START Records shown

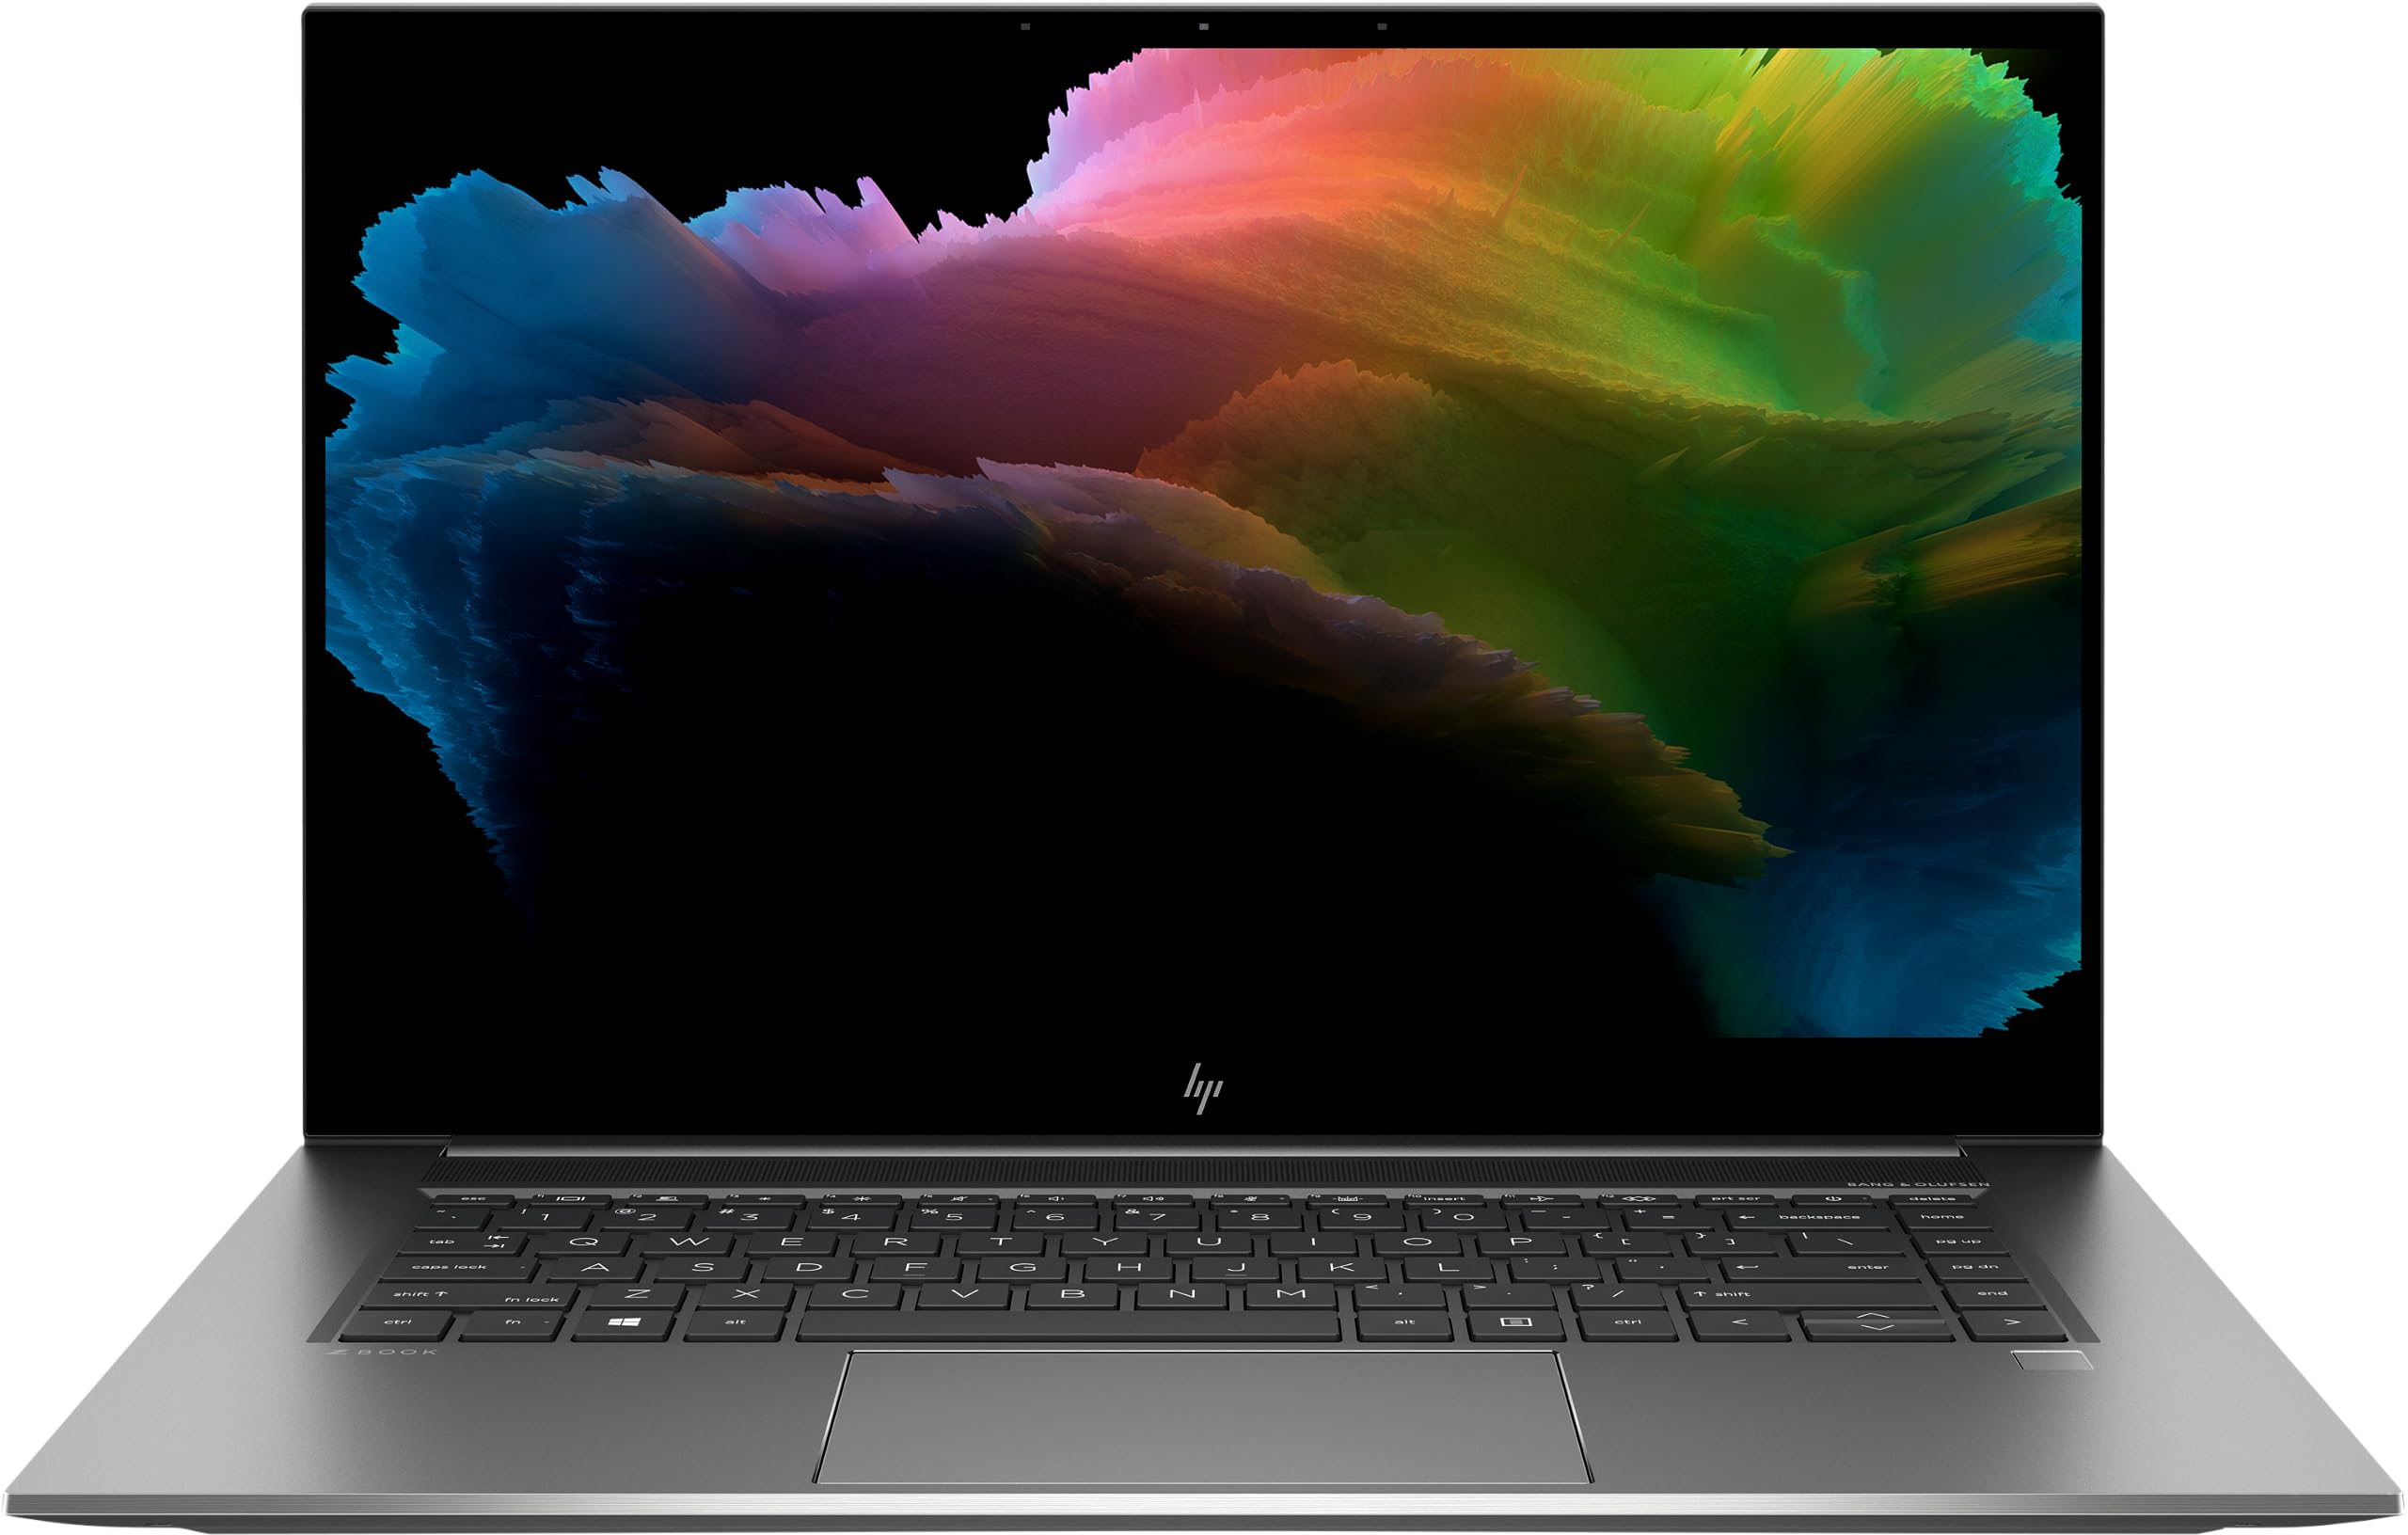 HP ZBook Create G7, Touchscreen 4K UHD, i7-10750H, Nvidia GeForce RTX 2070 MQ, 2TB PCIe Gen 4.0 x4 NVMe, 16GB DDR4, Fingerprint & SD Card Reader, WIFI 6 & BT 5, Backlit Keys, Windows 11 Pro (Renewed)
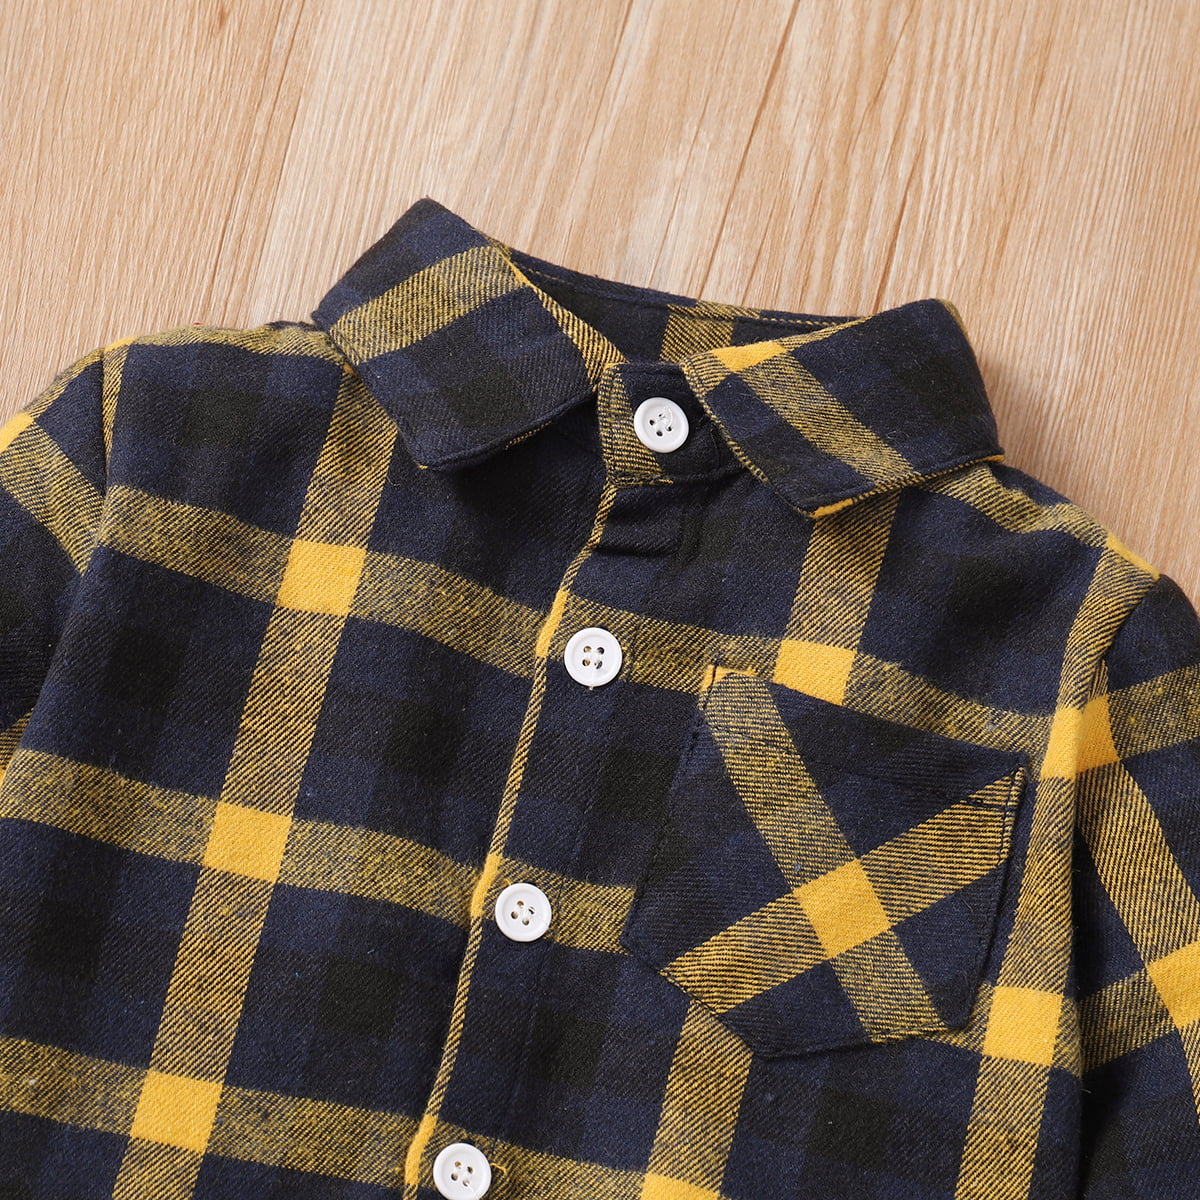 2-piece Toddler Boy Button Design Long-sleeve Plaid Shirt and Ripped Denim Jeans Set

END Records shown
START Records shown

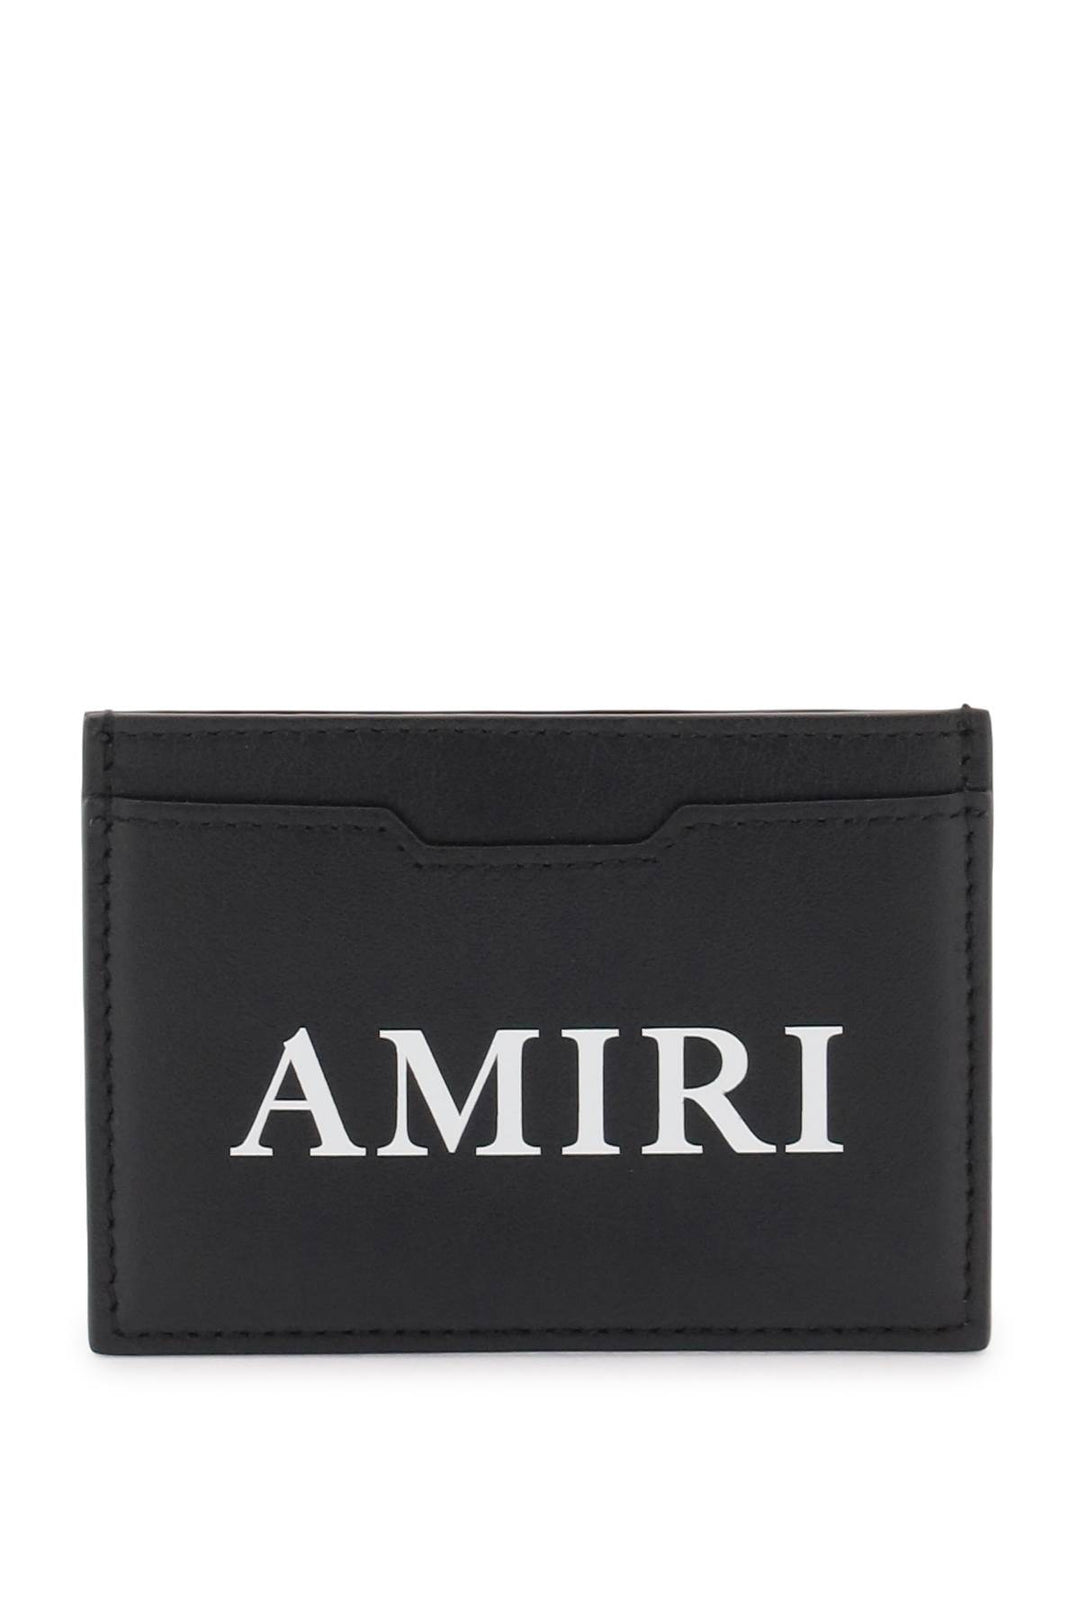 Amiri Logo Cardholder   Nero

END Records shown
START Records shown

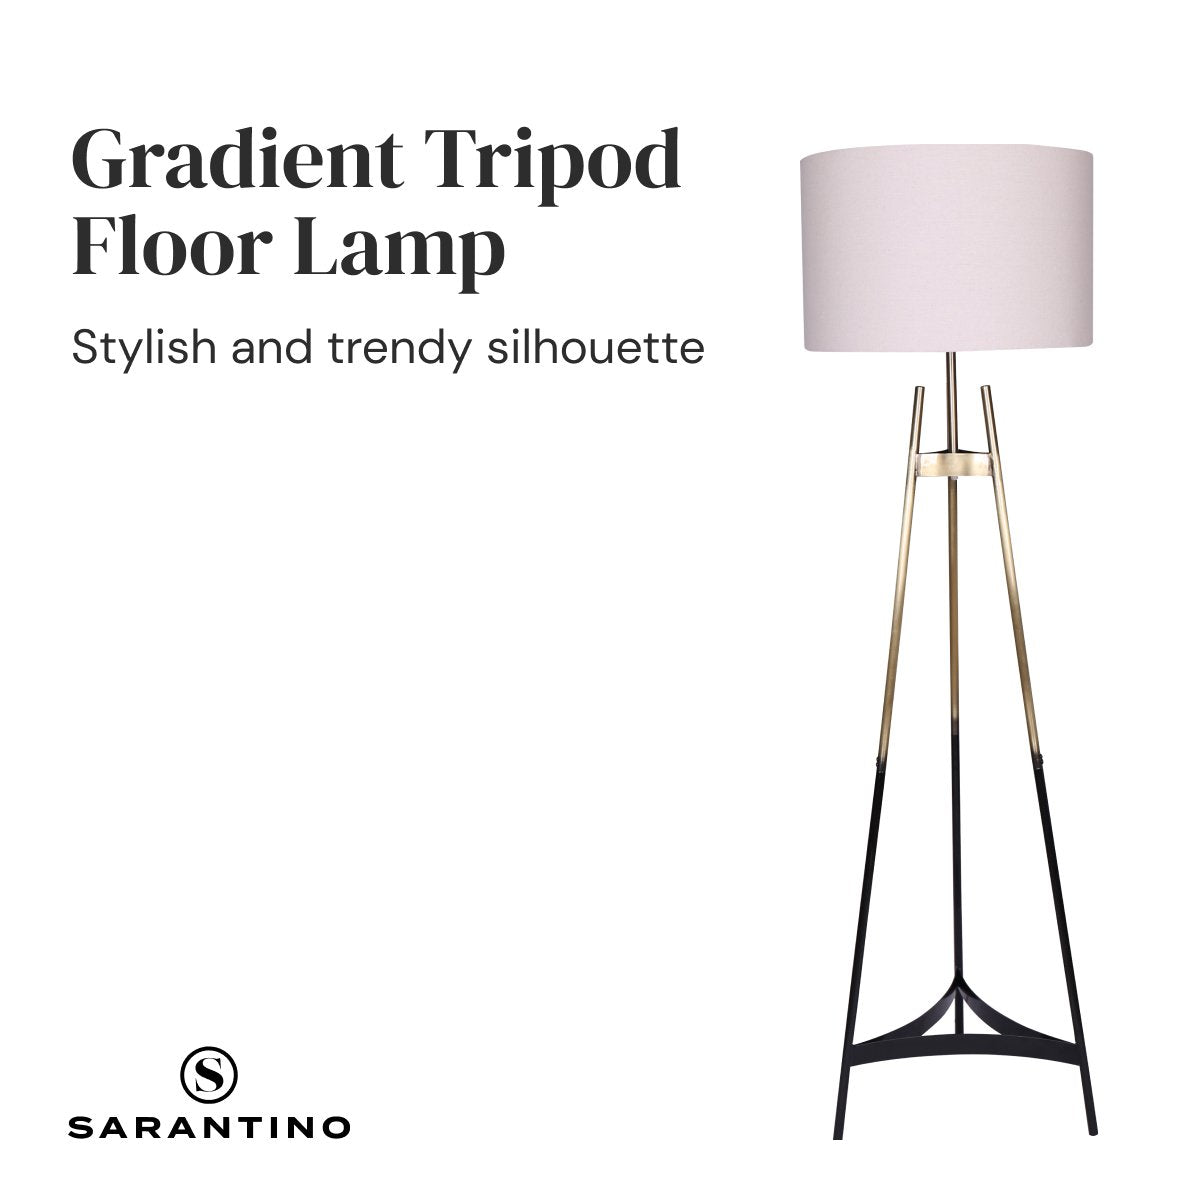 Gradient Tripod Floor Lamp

END Records shown

▸ **To do**: Please return the data above exactly as it stands from the line with "HP ZBook Create" to the line with "2-piece Toddler Boy", keeping both of those lines but none of the pictures.

▸ **Output below**:
 HP ZBook Create G7, Touchscreen 4K UHD, i7-10750H, Nvidia GeForce RTX 2070 MQ, 2TB PCIe Gen 4.0 x4 NVMe, 16GB DDR4, Fingerprint & SD Card Reader, WIFI 6 & BT 5, Backlit Keys, Windows 11 Pro (Renewed)
 2-piece Toddler Boy Button Design Long-sleeve Plaid Shirt and Ripped Denim Jeans Set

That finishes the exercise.